- Parliament of the United Kingdom
- Long title: An Act for consolidating the Lynn and Ely, the Ely and Huntingdon, and the Lynn and Dereham Railway Companies into One Company, to be called "The East Anglian Railways Company."
- Citation: 10 & 11 Vict. c. cclxxv

Dates
- Royal assent: 22 July 1847

Other legislation
- Repealed by: Great Eastern Railway Act 1862;

Status: Repealed

Text of statute as originally enacted

= East Anglian Railways =

English railway company (1847–1852)

The East Anglian Railways was an English railway company that operated in East Anglia from 1847 to 1852.

The company was formed on 22 July 1847 by the East Anglian Railways Act 1847 (10 & 11 Vict. c. cclxxv) which authorised the merger of three railways: the Lynn and Dereham Railway, the Lynn and Ely Railway, and the Ely and Huntingdon Railway.

The company soon found itself in financial difficulties and, on the verge of bankruptcy in June 1850, its property was taken over by the receiver. The receiver leased the EAR to the Great Northern Railway for 60% of the receipts. The GNR had running powers over the Eastern Counties Railway line between Peterborough, March and Wisbech (opened 1847). Unfortunately, they had not applied for running rights over the line that linked the ECR and EAR stations at Wisbech and the ECR refused access so that the passengers had to change stations by horse-drawn omnibus. This, together with shareholder opposition within the GNR and EAR, led the GNR to withdraw from the arrangement.

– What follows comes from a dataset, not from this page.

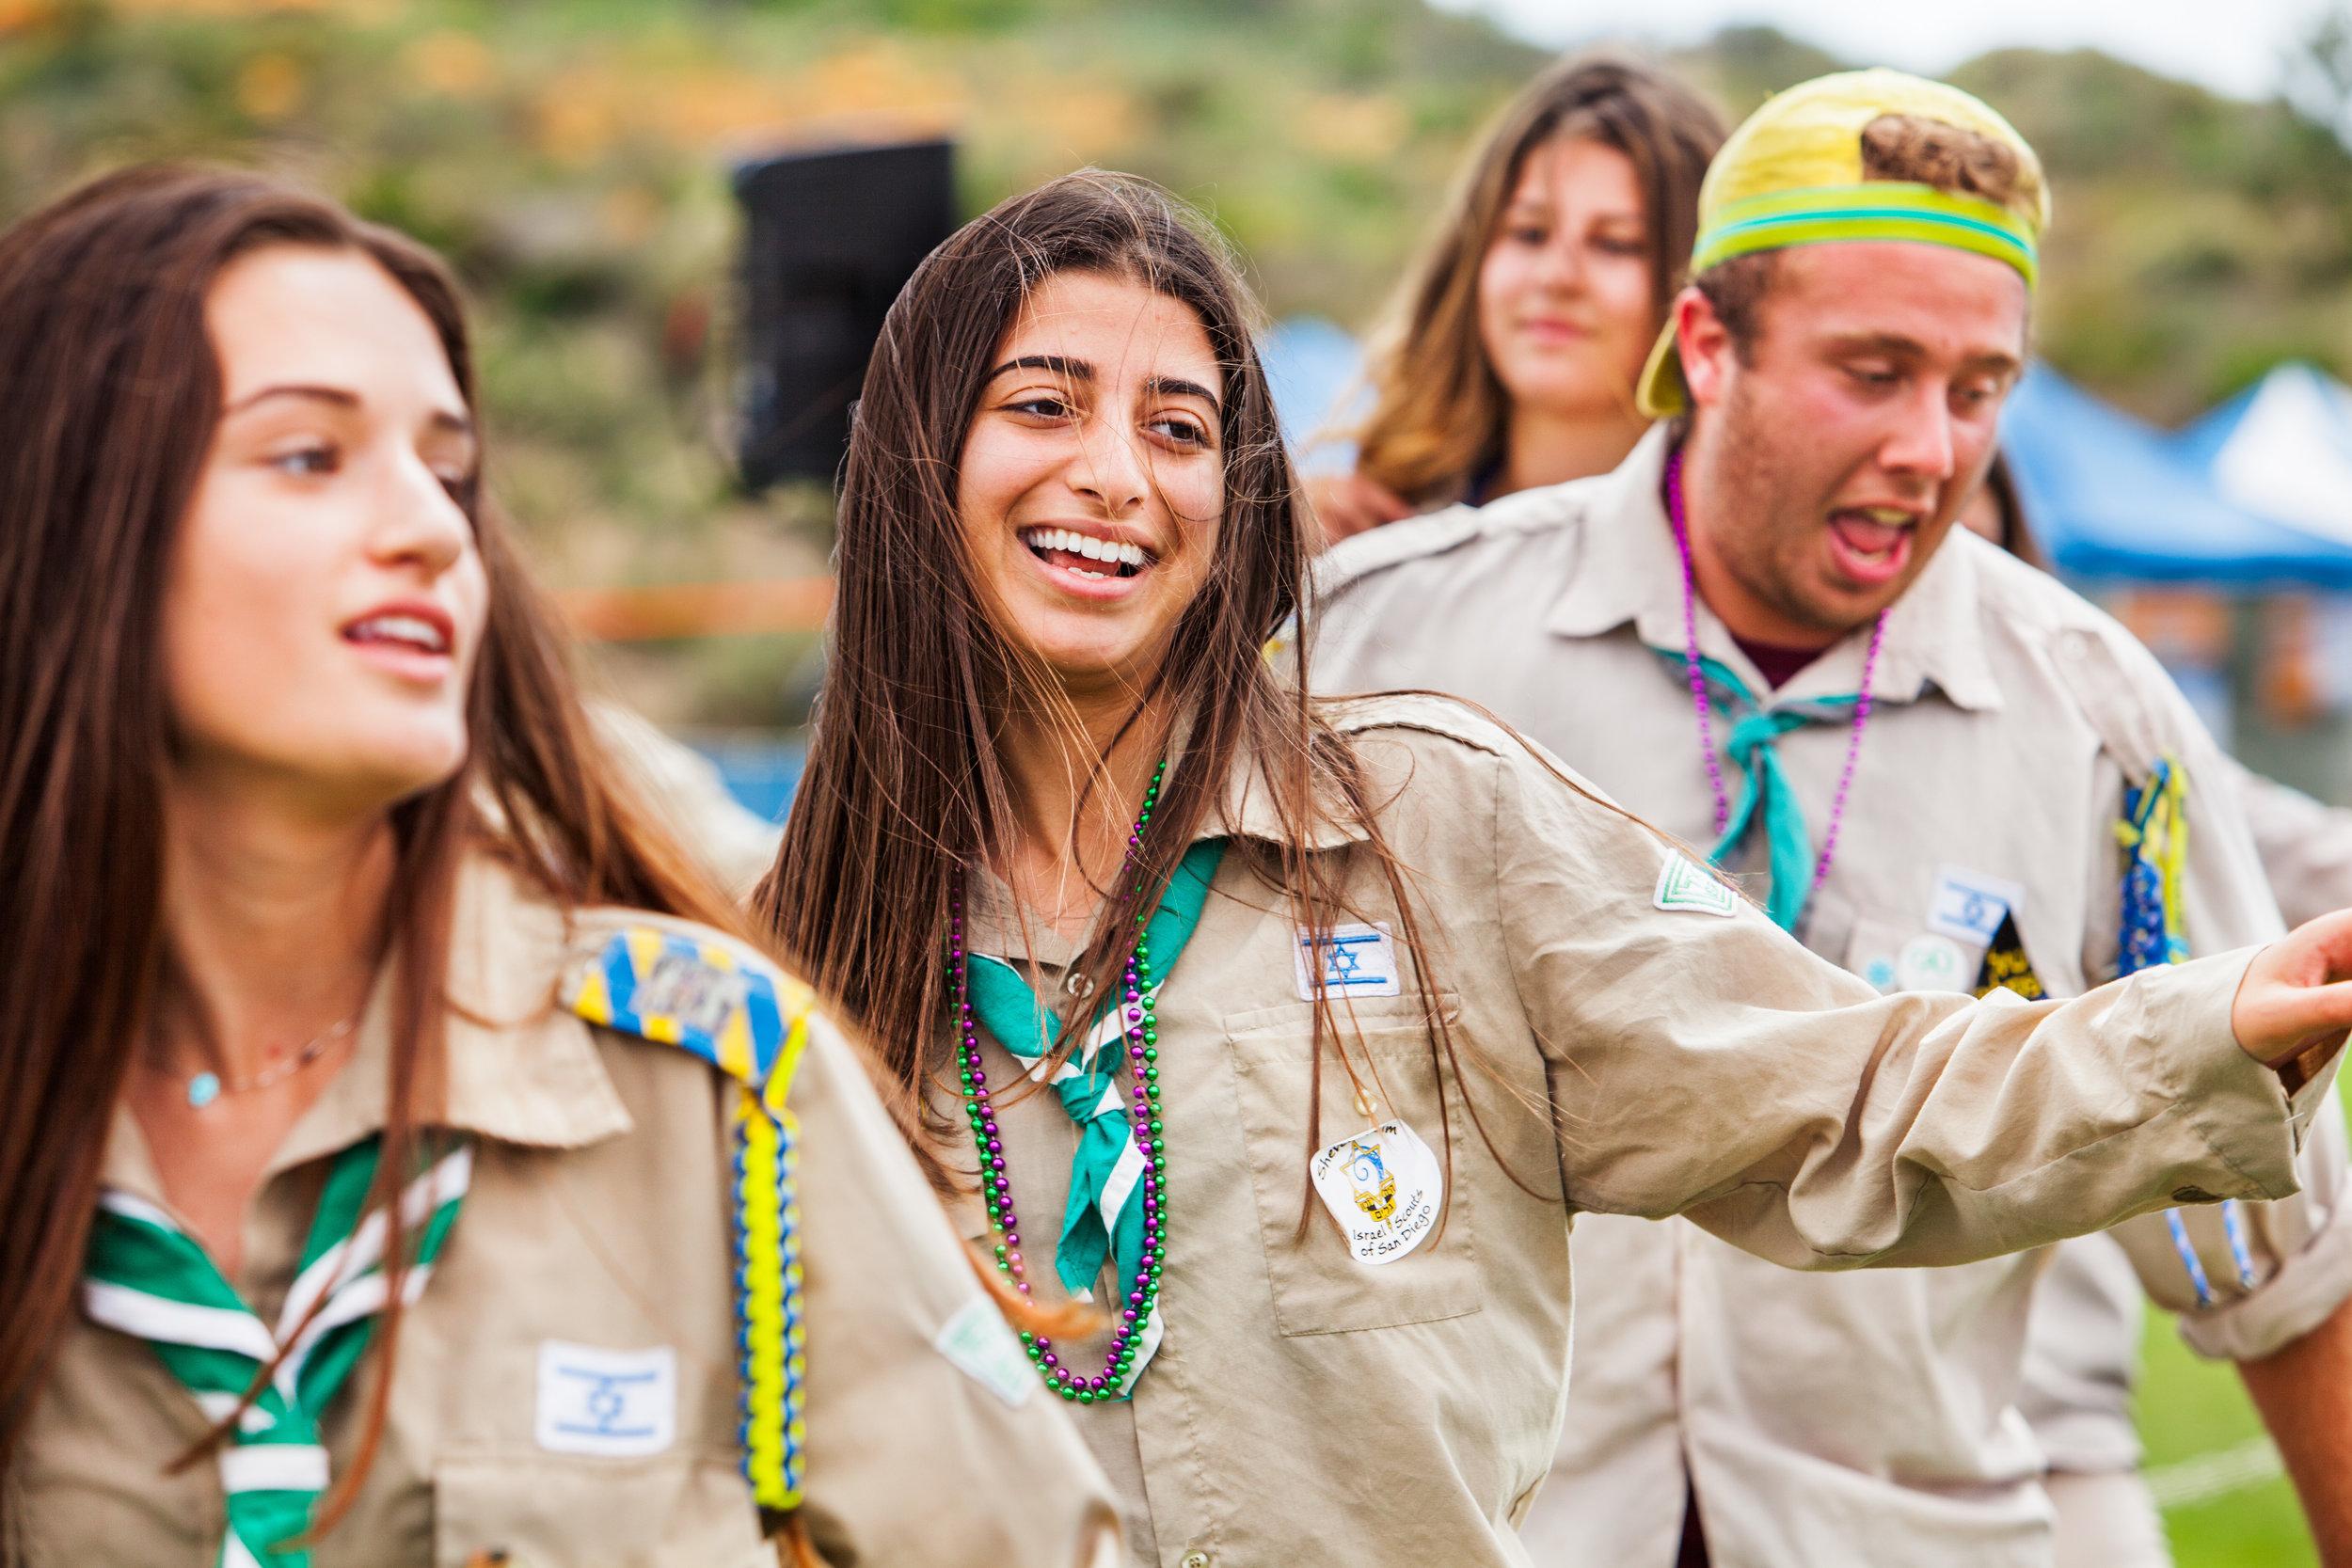 Israeli Scouts Dancing and Smiling.jpg

This left the way clear for the Eastern Counties Railway to take over operation of the EAR, which it did so, effective from 1 January 1852. This arrangement was ratified by the Eastern Counties and East Anglian Railways Act 1852 (15 & 16 Vict. c. cviii) and continued until the company was absorbed by the ECR in 1862 along with a number of other lines to form the Great Eastern Railway.